Museum in Córdoba, Spain

The Julio Romero de Torres Museum is a museum located in the city of Córdoba, Spain, which is notable for containing the largest collection of the famous Cordoban painter Julio Romero de Torres. It is located in the building of the old Hospital of la Caridad, which also houses the Museum of Fine Arts of Córdoba. The museum has been declared a Bien de Interés Cultural in the category of monument since 1962.

== History ==
After the death of Julio Romero de Torres on May 10, 1930, Francisca Pellicer, widow of the painter, and their children, Rafael, Amalia and María, decided to create a museum dedicated to the memory of the artist, bequeathing it to the city of Córdoba. So, on November 23, 1931, the museum was created and inaugurated by the president of the republic, Niceto Alcalá Zamora. In 1934, the adjoining house was purchased, and the current museum was inaugurated on May 24, 1936. The last remodeling dates back to 1992, for the installation of lighting and security systems, as well as for the renovation of part of the structures of the museum.

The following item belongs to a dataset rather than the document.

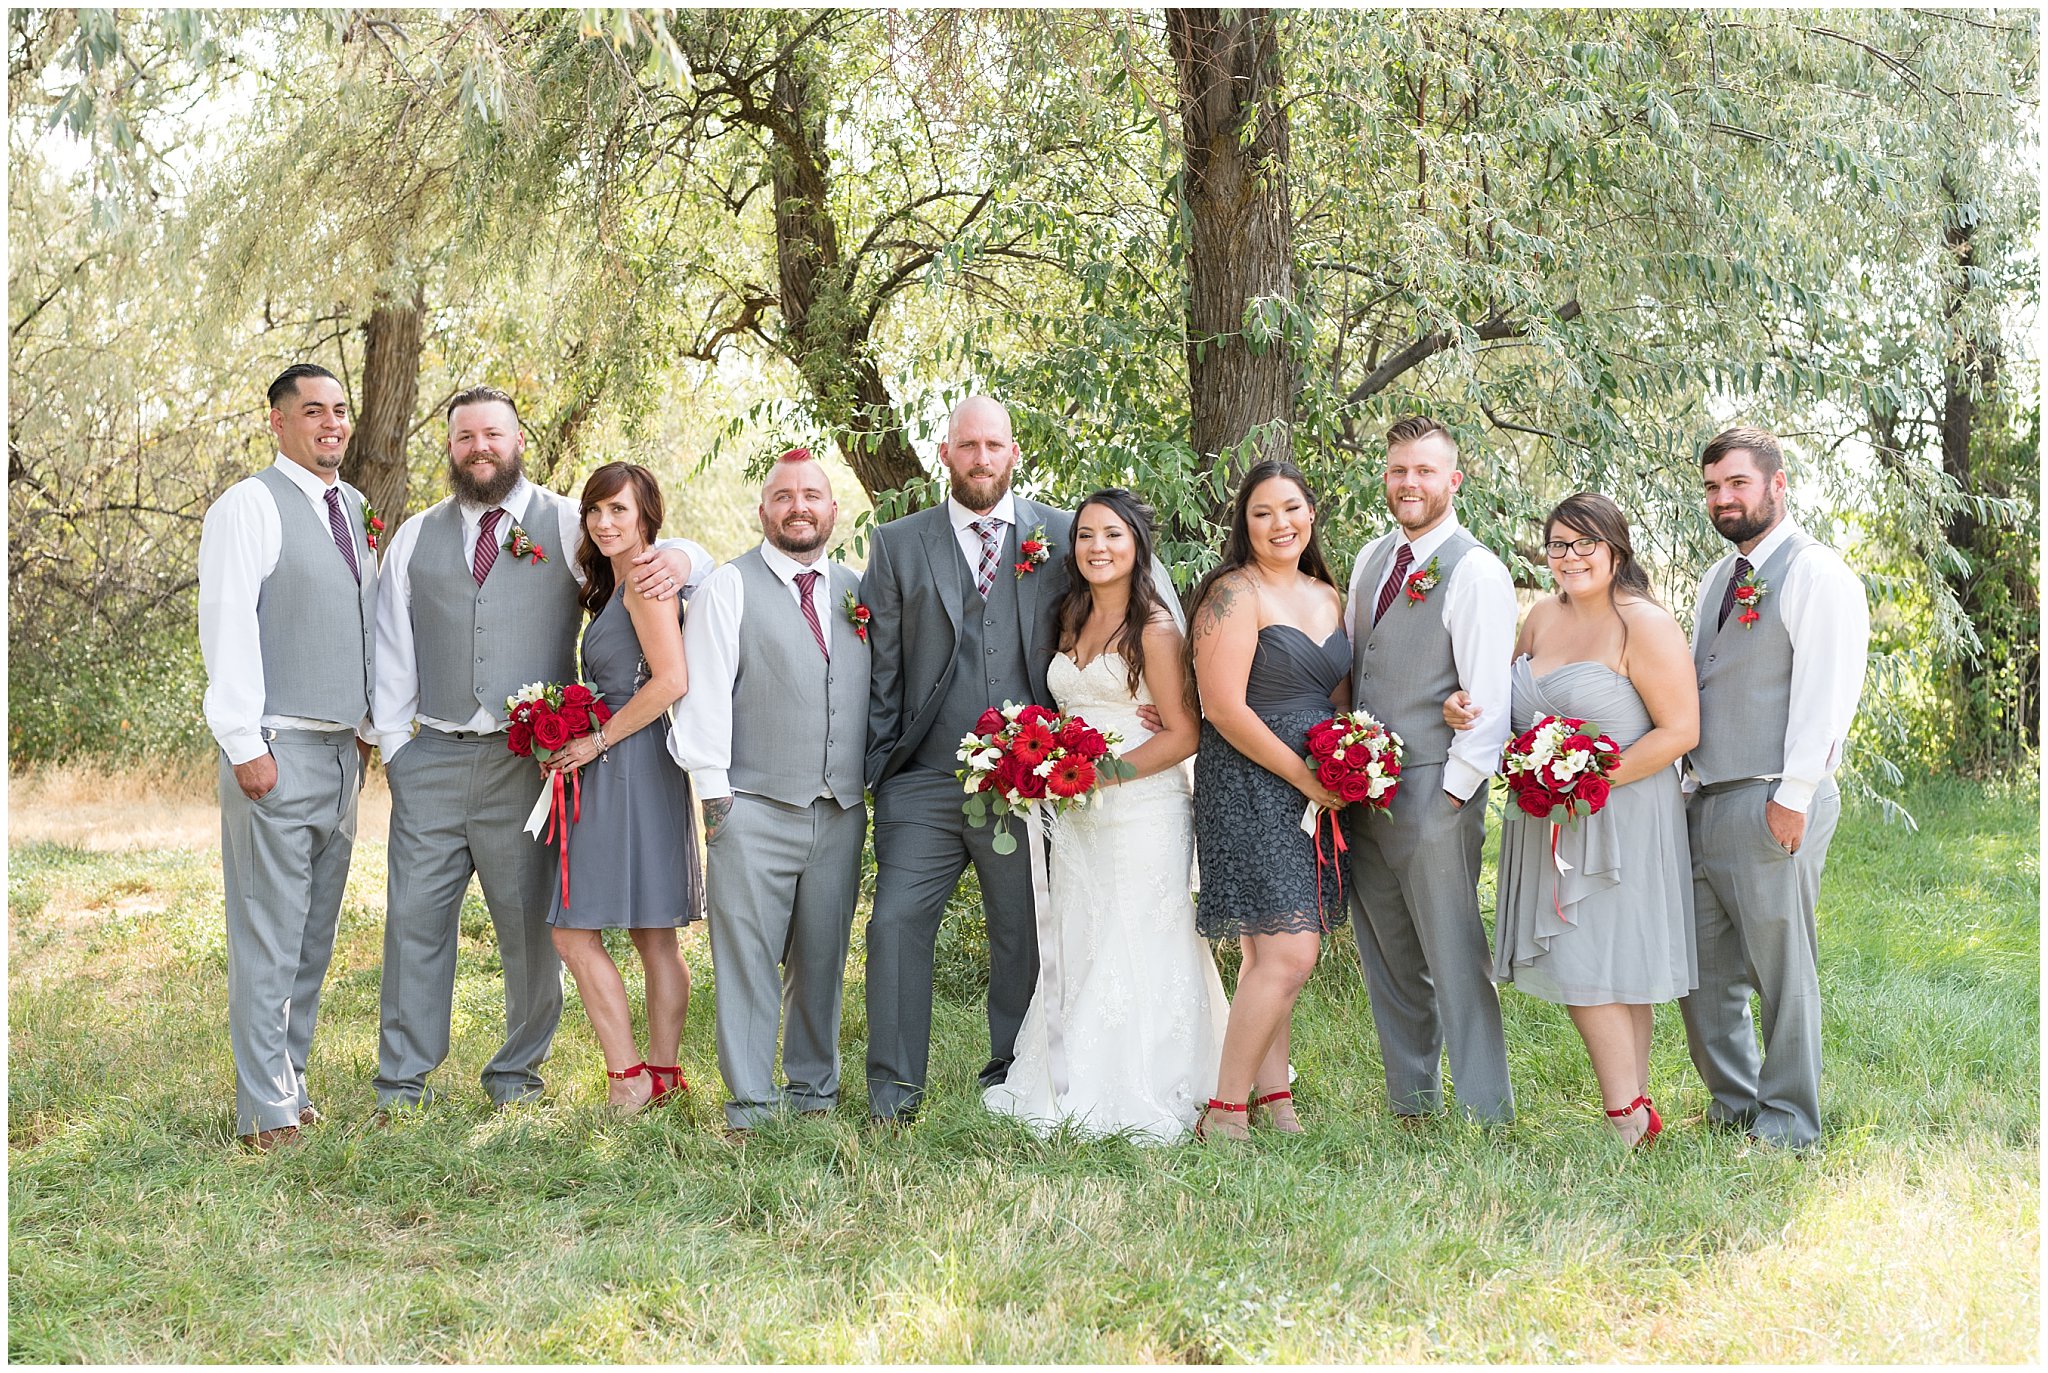 Red and white outdoor wedding bridal party | Davis County Outdoor Wedding | Jessie and Dallin Photography

The Order of July 7, 1997, agrees the entry of this museum in the Register of Museums of Andalusia (BOJA 91 of August 7, 1997).

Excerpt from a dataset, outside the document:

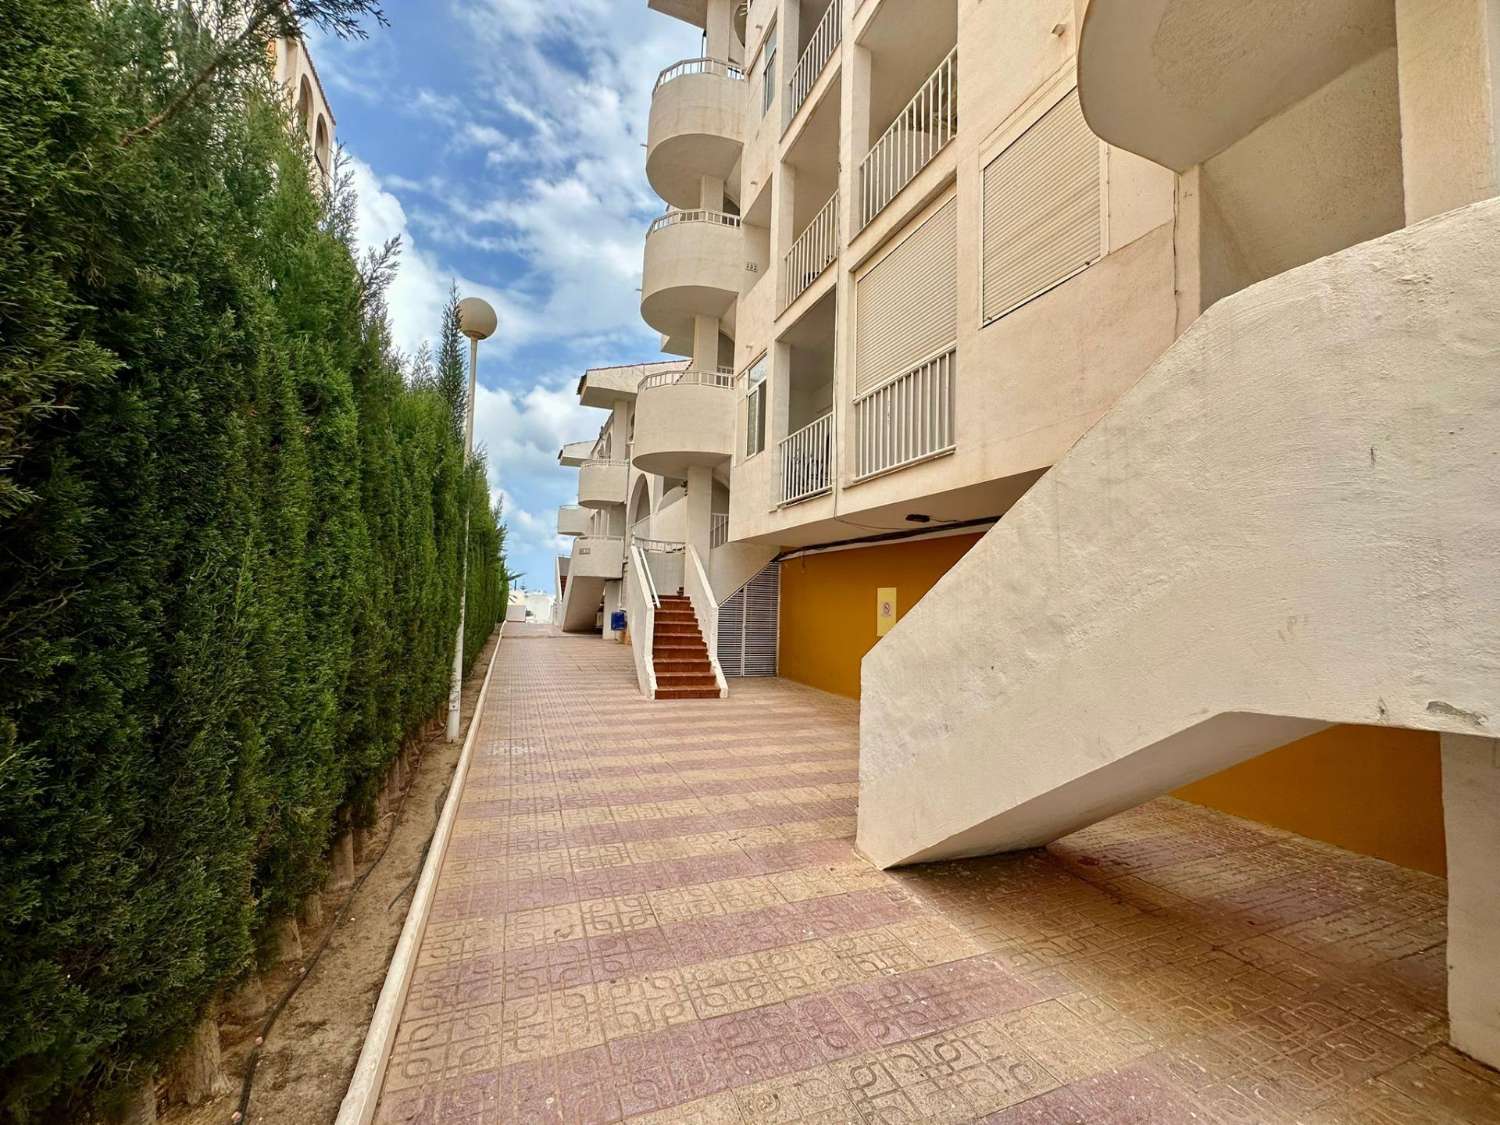 Live the beach dream with our residence with swimming pool just 200 meters away! TORREVIEJA

The Decision of February 25, 1998 of the General Directorate of Historical Heritage Institutions publishes the list of museums registered and annotated preventively in the Registry of Museums of Andalusia, among which is found in: BOJA 38 of April 4, 1998.

With the Resolution of December 19, 2001, a subsidy of 1,200,000 Spanish pesetas (€7,212.15) is granted. (BOJA 20 February 16, 2002).

In June 2005, the museum closed its doors for its renovation, as well as for the restoration of the Hospital de la Caridad, which owns the building where the museum is. On January 24, 2012, the museum reopened its doors, receiving in its first 5 days almost 5.000 visitors.

== Exhibition halls ==

=== Exhibition Hall 1 ===
Julio Romero de Torres shared the French poster movement as an advertising medium, and he conducted a series of works whereby he was integrated into the new movement.

In Cordoba, he painted La Feria del ganado of 1897, Ferias y Fiestas of 1902, and La Feria de Nuestra Señora de la Salud of 1905, 1912, 1913 and 1916. The Winery Cruz-Conde commissioned him the advertisement of their wines and the popular Anisette labels "La Cordobesa".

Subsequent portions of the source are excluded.